In the center of the cave, thousands of feet away, is a giant woman. I almost take off my helkappe to examine the similarities between it and her. Her body is covered in a checkered design- black and white. It is not painted on- but rather, it is the condition of her skin that differentiates light from dark. The half of her that is dark(blue black, like the stained glass of the boy’s mask), appears to be mummified flesh, like the flesh of a body that has spent centuries preserved in the putrid smelling waters of a bog. The dark half is not necessarily cruel, but it is hard, unyielding, and sickly. The half of her that is bright is so beautiful that I feel tears pouring down my cheeks. Her light half is angelic and motherly, filled with compassion and charity. Looking at her, I understand that while we all must die, our bodies doomed to rot, there is a reason for life, and love, and hope.
        She has one bright and one black hand, and with each she touches every single ghost. She touches them with the touch of a stern and loving mother, because she is their mother. And the land of the dead, Helheim, is her womb. As she touches them, I can see that their spirits start to lose shape. They sigh after she touches them, and they rise higher and higher in the tower that leads to the sky, until they reach the world outside, where they vanish.
        I am confused. Have they not just returned from the visit to the living world? Why are they returning now, when the cloth between their world and mine is becoming more solid by the second, soon to be completely sealed by the light of the sun?
        Then I realize the truth that I have been sent here to discover. They are returning to the physical world, but the fabric of the world is too thick, and the part of them that is spirit dissolves. When they emerge from the womb of the goddess Hel, mother death, they are born again, and are no longer what they were before.
        I am crying freely now. I see a child of my village that died this year. Like me, she has waited the entire year, until this night, when the world was thin, so that she could visit her family. And now, tonight is over, the promise of one last time to say goodbye has been fulfilled, and now her soul must go back to the earth.
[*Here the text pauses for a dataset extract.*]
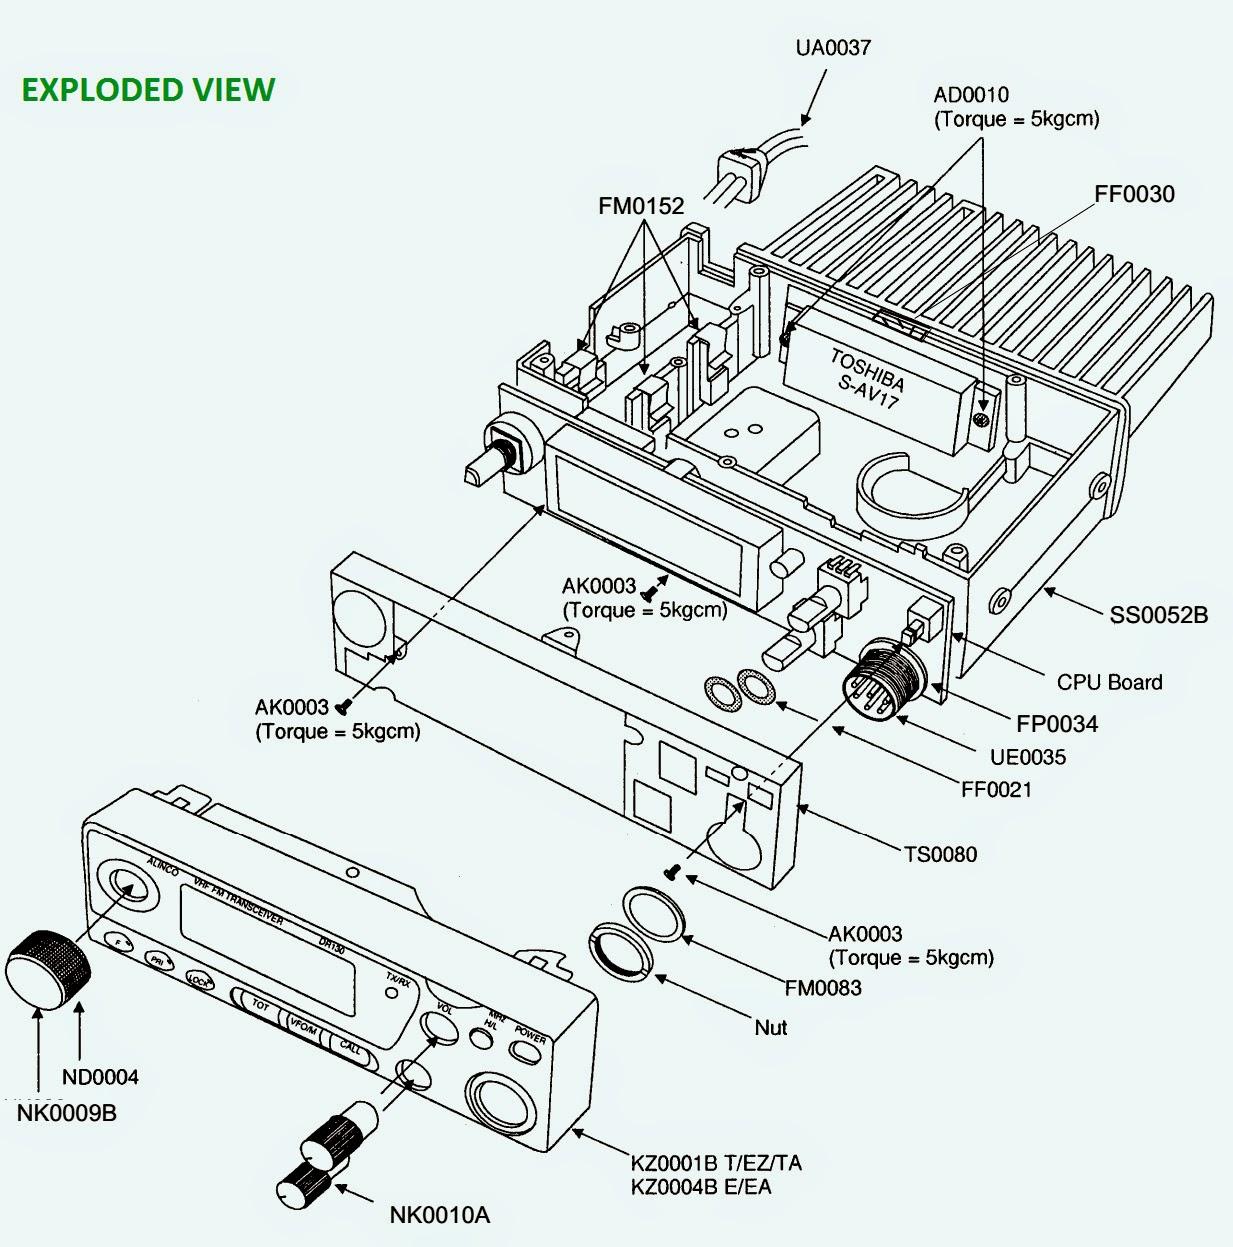 Lithonia Ps300 Wiring Diagram

Her soul and the souls of all those who have died, will become part of everything. This is what will happen when my mother, my sisters, brothers, and father die. This is what will happen when I die. We go back to what we came from. The soil, sky, water, trees, crops, and everything else in the world, is all made up of what used to be something else. And one day, all of those things will change, and become something different. That is the way of the world. It moves. It does not stay the same. And now, I see, the same is true with our souls.
        But somehow, this truth is not discouraging- it is not harsh or horrifying. I realize that true death would be to stop moving, to never change. The way things are, with everything always changing, I see that nothing really ever dies. I smile through my tears, a warmth like the light side of Hel covering my heart.

IV.
        
        When the dawn breaks, all of the souls have gone. Hel sits on her mountain of a throne, majestic and restful. She closes her great, joyfully sad eyes, and rests her graceful, huge hands in her lap.
        Someday I will see her again, but now I know that it is time to leave. I walk back through the fire, wondering what to do next. The mist on the ground is no longer there, and I am sorry for that, because it had been my guide.
        But miraculously, I find that there is sunlight streaming through a small tunnel at the back of the cave room, the opposite side from where I came in. I laboriously walk along the cave wall for hours until I reach the tunnel. The tunnel, like the tunnel at the very entrance of the cave, steeply rises upward into the outside world. I have to climb on my hands and knees to go upward.
        When I finally reach the surface, the sun is high in the west side of the sky- mid afternoon. I claw my way out and onto the good, solid ground of a high hill. The tunnel closes, the ground around it enclosing the opening as silently as ripple in the water. I look around me. I can see my village far below in the valley. It will take hours to walk back. But for now, I can move no more. I take off my helkappe, ready for the comfort of seeing my own body.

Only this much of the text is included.